The state of the US economy is a vital influence on almost all businesses’ success, wherever they are based. But at the moment, commentators are far from agreed on what’s going to happen – making a realistic evaluation of the economy’s prospects all the more necessary. Datamonitor’s Brendan Ford weighs up the evidence…
Early this year, the US economy looked like it might be beginning a significant recovery. But more recently, the outlook has soured. Stock markets have fallen, and many say that Q1’s increased growth was not representative. There are presently three schools of thought on what will happen next – optimists, pessimists and moderates.
The optimistic school holds that the economy is poised for a moderate rebound into the realm of respectable growth by the middle of the third quarter. They point to strong Q1 GDP growth and believe that increased business spending will drive the recovery.
The pessimistic school, meanwhile, predicts a ‘double-dip recession.’ Stagnant business investment and jittery foreign investors will prevent an economic upturn and the weak job market will eventually lead to a reduction in consumer spending causing a second economic dip before the start of any recovery.
The moderate school, unsurprisingly, falls in between the two camps. Moderates foresee foresees steady consumer spending and stagnant business investment leading to a sluggish economy well into 2003.
So who’s right?
An objective look at the evidence presents a mixed picture. The strong US GDP growth in Q1 was indeed a mathematical illusion representing the end of the inventory run-off. It does not represent a return to strong growth, but indicates that the economy is stabilizing. There is no strong indication that B2B spending will exhibit significant growth, as most businesses still have considerable excess capacity.
The mechanisms that triggered economic growth after the last two recessions (sharp interest rate reductions and housing growth in ’84 and a rebound in consumer spending in ’92) are not going to lead the US into a recovery this time around; it is hard to discern any mechanism that will trigger strong growth in the present environment. Therefore it is highly unlikely that the optimistic school will prove correct.

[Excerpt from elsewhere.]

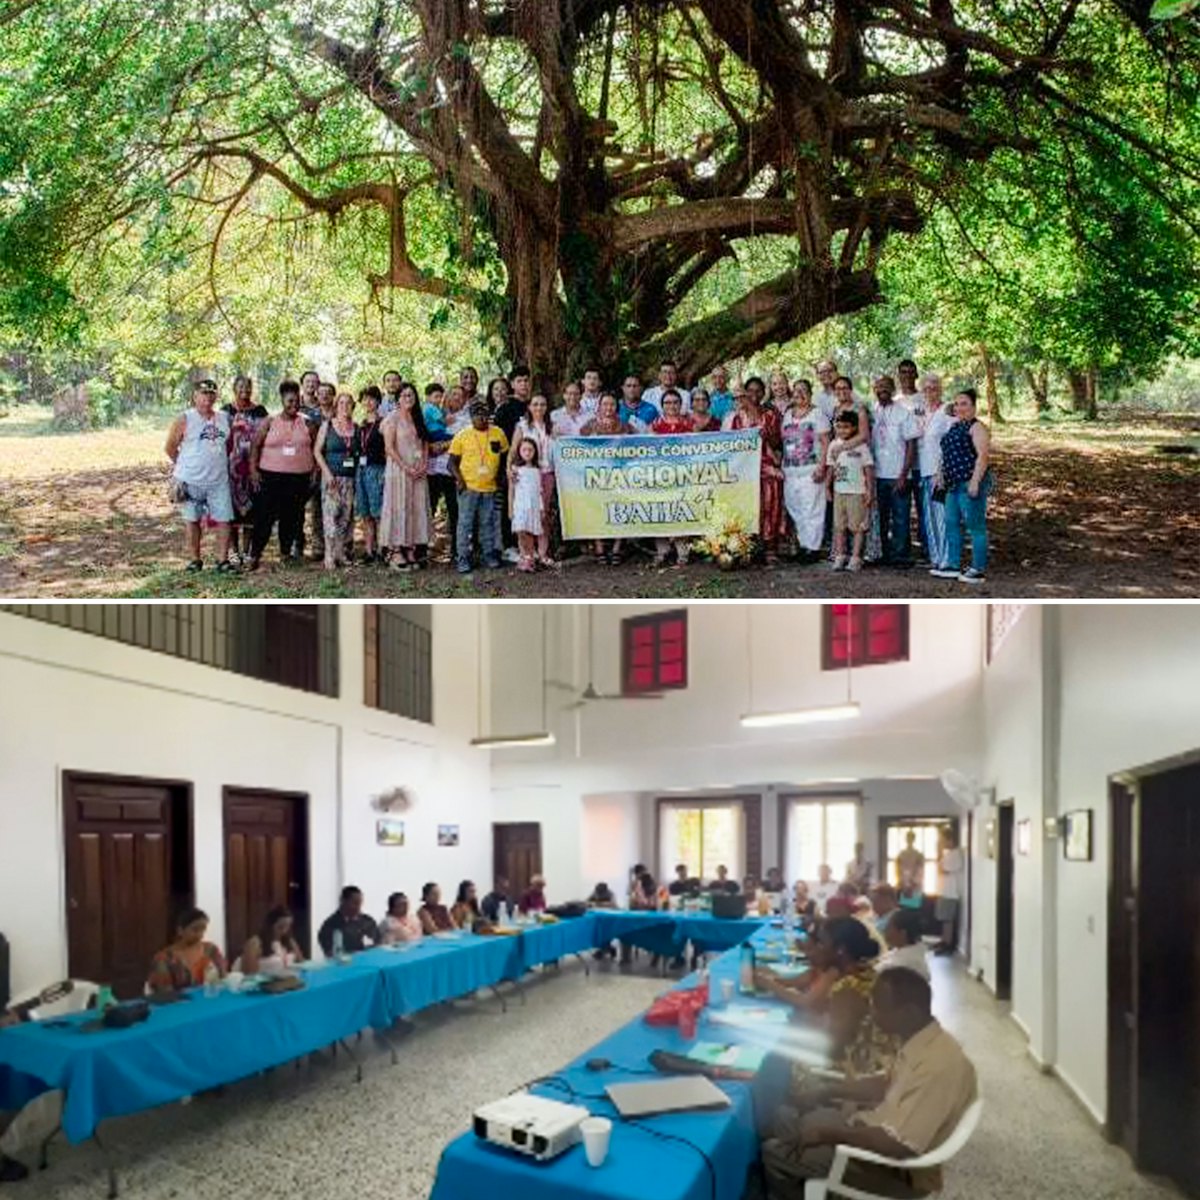 Delegates were uplifted with a renewed determination to contribute in their communities to promoting a materially and spiritually prosperous world after attending the 61st national convention for the Bahá’ís of Honduras.

That’s far from an endorsement of the pessimistic scenario: on the consumer front, spending has remained strong throughout the recession despite several dips in consumer confidence. A few months ago, the main consumer confidence indicator had rebounded and was poised to remain strong until recovery.
Dipping into the evidence
However, the latest report by the Conference Board indicates that the US is experiencing a second significant dip in consumer confidence, which is now at a four-month low. Thus far in this economic cycle, spending has not tracked confidence, but if that traditional relationship re-emerges, the US economy will experience a second recession and contract.
Economy watchers should keep their eye on the wild cards that could trigger this ‘second dip’. As accounting practices and ‘reported earnings’ continue to receive closer scrutiny, more companies are being forced to restate their profits. This is a major reason for the recent fall in consumer confidence.
A study by Standard & Poor, which now releases its own ‘adjusted earnings figures’ for many public companies, lends credence to the view that widely-used accounting gimmicks have inflated earnings by as much as 25%. If the capital markets continue to perceive significant gaps between ‘reported earnings’ and ‘real earnings,’ their continued deterioration could trigger a sharp decline in consumer spending.
Moderation – and how to survive it
Despite the accounting scandals, the moderate school still has the highest likelihood of being correct: the US economy will remain sluggish into 2003. The effect on companies’ sales estimates and budget decisions will be heavily sector-dependent. Technology executives, in particular, need to look closely at their industry area.
For tech companies that rely on B2B spending closely related to the need to add new productive capacity, the outlook is poor. If their technology is primarily used to handle existing volume in more cost efficient ways, provide competitive advantage, or facilitate sales and service, business will be sluggish but not dismal, with an upturn in late 2003.
In some areas of IT, Datamonitor’s studies have discovered that external IT spending is gaining at the expense of internal spending, giving vendors a chance to gain in an environment of overall IT budget constraints.
Finally, the weak economy has led to a strong focus on ROI thus directing attention towards solutions where the impact on profitability can be easily quantified and the solution can be implemented quickly and cost effectively.
Vendors still need to break large projects up into manageable stages, each with measurable results. Furthermore, vendors should develop strong financial models that will predict the impact of the project on their clients’ profitability.